Unnamed: 0.1,Unnamed: 0,revenue,reward_id,campaign_id,application_id
0,2014-07-26 00:00:29.257095,0.499,53d2ef9d-361c-c0d1-9015-6525c28c8564,18,3
1,2014-07-26 00:00:30.468959,0.149,53d2ef9e-72f3-84bf-a243-78ae58d1626f,4,0
2,2014-07-26 00:00:43.396503,0.149,53d2efab-91fb-ec54-3435-40a502e34e83,4,3
3,2014-07-26 00:01:01.234404,0.149,53d2efbd-8f91-db89-12d3-c373bcde9c30,4,3
4,2014-07-26 00:01:15.100982,0.149,53d2efcb-3e74-a234-f986-938765766950,4,0


In [5]:
engagement.info()

<class 'pandas.core.frame.DataFrame'>
RangeIndex: 2441 entries, 0 to 2440
Data columns (total 5 columns):
Unnamed: 0        2441 non-null object
revenue           2441 non-null float64
reward_id         2441 non-null object
campaign_id       2441 non-null int64
application_id    2441 non-null int64
dtypes: float64(1), int64(2), object(2)
memory usage: 95.4+ KB


In [6]:
set(engagement.revenue);

In [7]:
offers.head()

Unnamed: 0.1,Unnamed: 0,reward_id,application_id,campaign_id
0,2014-07-26 00:00:02.995009,53d2ef83-0008-50fd-80b6-022bd353332d,0,0
1,2014-07-26 00:00:03.114537,53d2ef83-1860-7515-2f58-bc73db3b6ce8,1,1
2,2014-07-26 00:00:03.738329,53d2ef83-dc59-4efc-8e6d-1840b994e96d,0,2
3,2014-07-26 00:00:04.333408,53d2ef84-ef12-f2f9-799f-d549f4acf691,1,0
4,2014-07-26 00:00:05.023120,53d2ef85-a900-e839-b0e5-4d07d619fa58,0,0


### Conversion

#### Outer join two tables by application id, campaign id, and reward id

In [8]:
df = offers.merge(engagement, how = 'outer', on = ['application_id', 'campaign_id', 'reward_id'])
df.head()

Unnamed: 0,Unnamed: 0_x,reward_id,application_id,campaign_id,Unnamed: 0_y,revenue
0,2014-07-26 00:00:02.995009,53d2ef83-0008-50fd-80b6-022bd353332d,0,0,,
1,2014-07-26 00:00:03.114537,53d2ef83-1860-7515-2f58-bc73db3b6ce8,1,1,,
2,2014-07-26 00:00:03.738329,53d2ef83-dc59-4efc-8e6d-1840b994e96d,0,2,,
3,2014-07-26 00:00:04.333408,53d2ef84-ef12-f2f9-799f-d549f4acf691,1,0,,
4,2014-07-26 00:00:05.023120,53d2ef85-a900-e839-b0e5-4d07d619fa58,0,0,,


In [9]:
df = df[['reward_id', 'application_id', 'campaign_id', 'revenue']]

In [10]:
# number of impression - total count
imp_count = df.groupby(['application_id', 'campaign_id'])['reward_id'].count()
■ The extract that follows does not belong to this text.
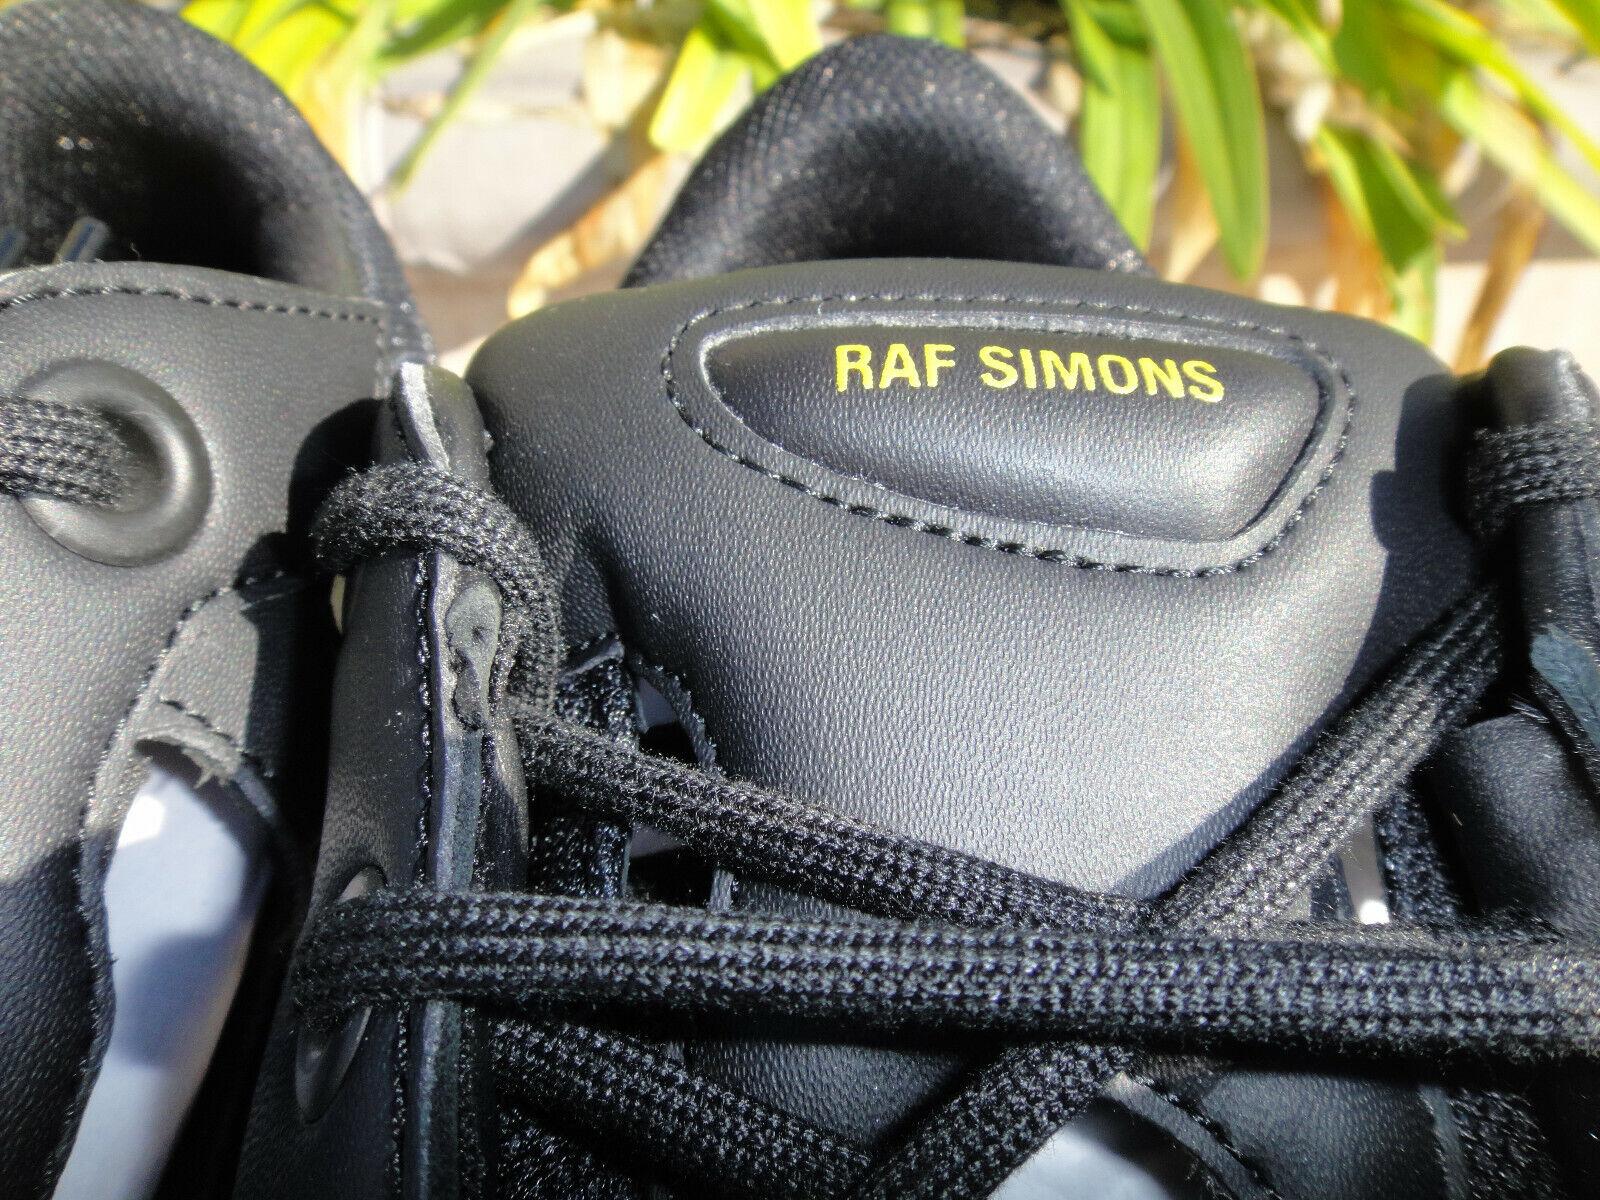 12fd2f99b092b ... Adidas x Raf Simons OZWEEGO OZWEEGO OZWEEGO REPLICANT BELGIUM Box Set  Sneakers US11 Men s F34234 ddcbcd ...

# number of clicks - revenue is not null
click_count = df[df['revenue'].notnull()].groupby(['application_id', 'campaign_id'])['reward_id'].count()

In [11]:
# change to percentage
conversion_rate_serie = (click_count/imp_count) * 100

In [12]:
conversion_rate_serie = conversion_rate_serie.fillna(0)

In [14]:
conversion_df = conversion_rate_serie.to_frame()

#### Conversion rate table

In [15]:
conversion_df.head()

Unnamed: 0_level_0,Unnamed: 1_level_0,reward_id
application_id,campaign_id,Unnamed: 2_level_1
0,0,1.532567
0,2,0.37037
0,4,5.514706
0,5,2.424242
0,7,0.471945


### CPM

Since I have defined the cost to be 100, the cost will 100

In [16]:
#CPM

CPM_serie = (100 * 1000)/imp_count;

In [17]:
CPM_df = CPM_serie.to_frame()

In [18]:
CPM_df.head()

Unnamed: 0_level_0,Unnamed: 1_level_0,reward_id
application_id,campaign_id,Unnamed: 2_level_1
0,0,383.141762
0,2,370.37037
0,4,18.382353
0,5,606.060606
0,7,52.438385


## Task 2 - Analysis

After calculated the conversion rate and CPM above, look the who are the top 10 performancers. We can then build graphs to visualize the differences.